The sql extension is already loaded. To reload it, use:
  %reload_ext sql


Please note that for Presto, Impala and some other engines you need to disable `autocommit` feature. This is done via SqlMagic config property. To list all options of config you can run in the cell: `%config SqlMagic`

# Connection

To connect to the database you need to pass connection string in SQLAlchemy format to the `%sql` function.

In [10]:
%sql presto://user@localhost:8080/system

'Connected: user@system'

If connection string is not provided and connection has not been made yet, `ipython-sql` tries to get connection information from `DATABASE_URL` environment variable. You can export environment variable DATABASE_URL in ~/.bashrc in case your connection information is static. %env is another magic function that sets environment variables.

In [11]:
%env DATABASE_URL=presto://user@localhost:8080/system
%sql SELECT 1 as "Test"

env: DATABASE_URL=presto://user@localhost:8080/system
 * presto://user@localhost:8080/system
Done.


Test
1


In case of multiple SQL engines, and you want to combine data from them you can pass connection string with each query of the magic function in cell-mode.

In [15]:
%%sql user@jmx SHOW SCHEMAS

Connection info needed in SQLAlchemy format, example:
               postgresql://username:password@hostname/dbname
               or an existing connection: ['presto://user@localhost:8080/system']
Could not parse rfc1738 URL from string 'user@jmx'
Connection info needed in SQLAlchemy format, example:
               postgresql://username:password@hostname/dbname
               or an existing connection: ['presto://user@localhost:8080/system']


# Bind Variables
Parameter substitution is a handy feature that allows defining SQL query parameters at query run-time.
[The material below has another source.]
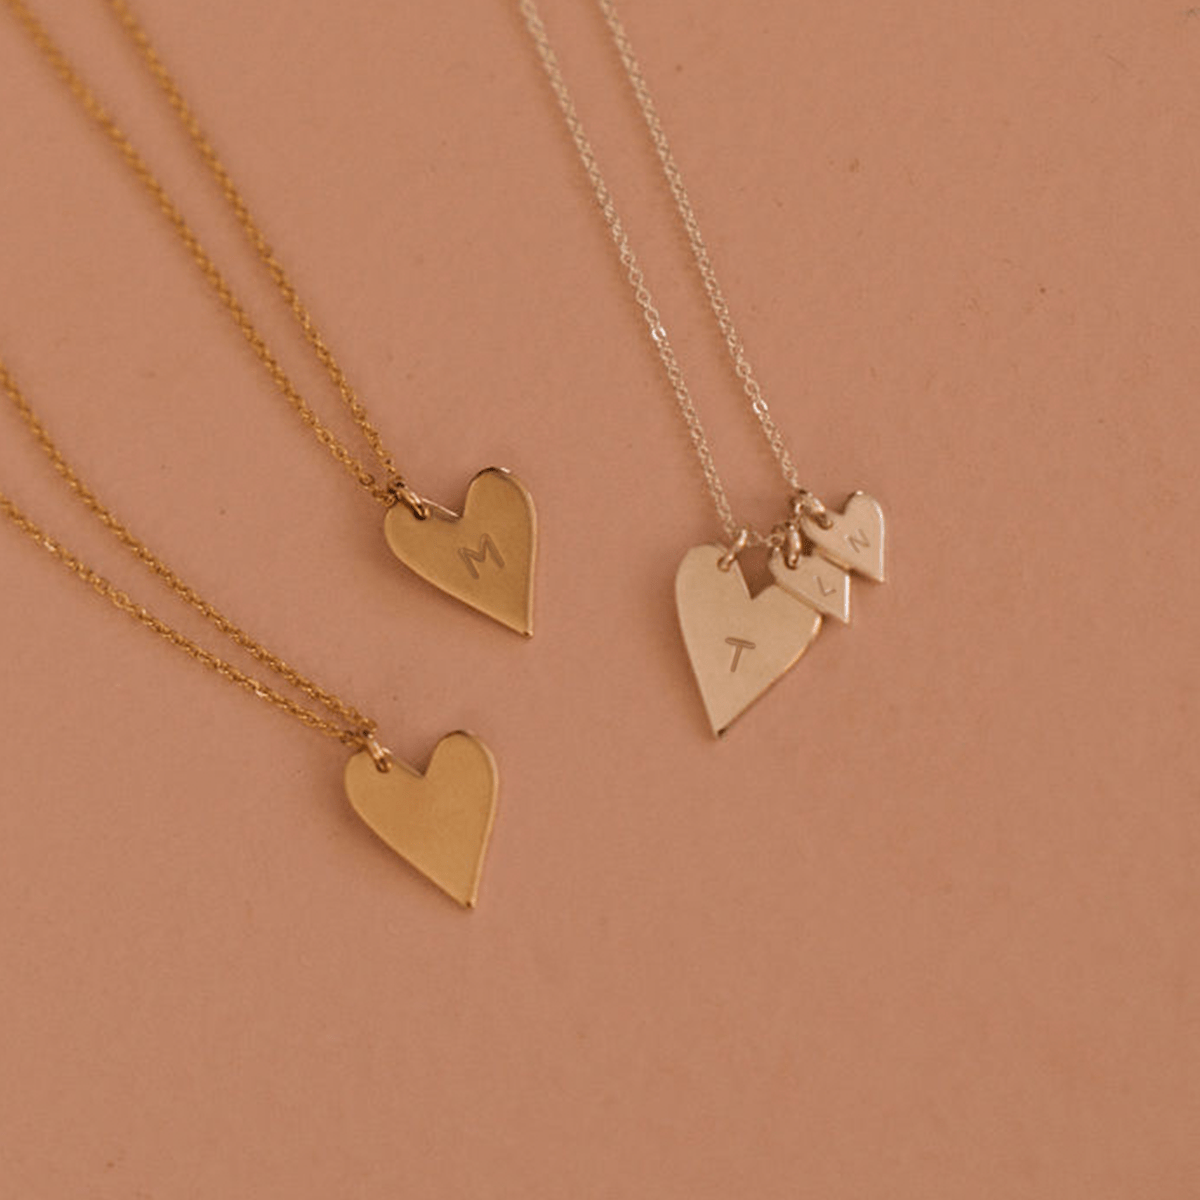 Sweetheart Initial Necklace Rose Gold Filled / 16-18

It makes code less fragile and expressive. The parameter needs to be defined in the local scope and prefixed with colon i.e. `:parameter`

In [13]:
state='FINISHED'

%%sql
SELECT :state as "bind_variable"

SyntaxError: invalid syntax (<ipython-input-13-d4b42317ab06>, line 3)

## Assigment
Ordinary IPython assignment works for single-line `%sql` queries:

In [None]:
result = %sql select query_id, state from runtime.queries limit 1

In [None]:
result

For multi-line query you need to use `<<` syntax.

In [None]:
%%sql result_set << 
SELECT query_id, state, query 
FROM runtime.queries
LIMIT 2

In [None]:
result_set

## Pandas

SQL magic has a nice integration with pandas library. Result from SQL query can be converted to regular pandas data frame via `DataFrame` call.

In [None]:
result_set.DataFrame()

In [None]:
## Plotting


# Conclusion

IPython/Jupyter notebooks can be used to build an interactive environment for data analysis with SQL on relational database. This combines the advantages of using IPython, a well established platform for data analysis, with the ease of use of SQL and the performance of SQL engies.

You should also checkout build-in magic functions that allows you to achive more and type less!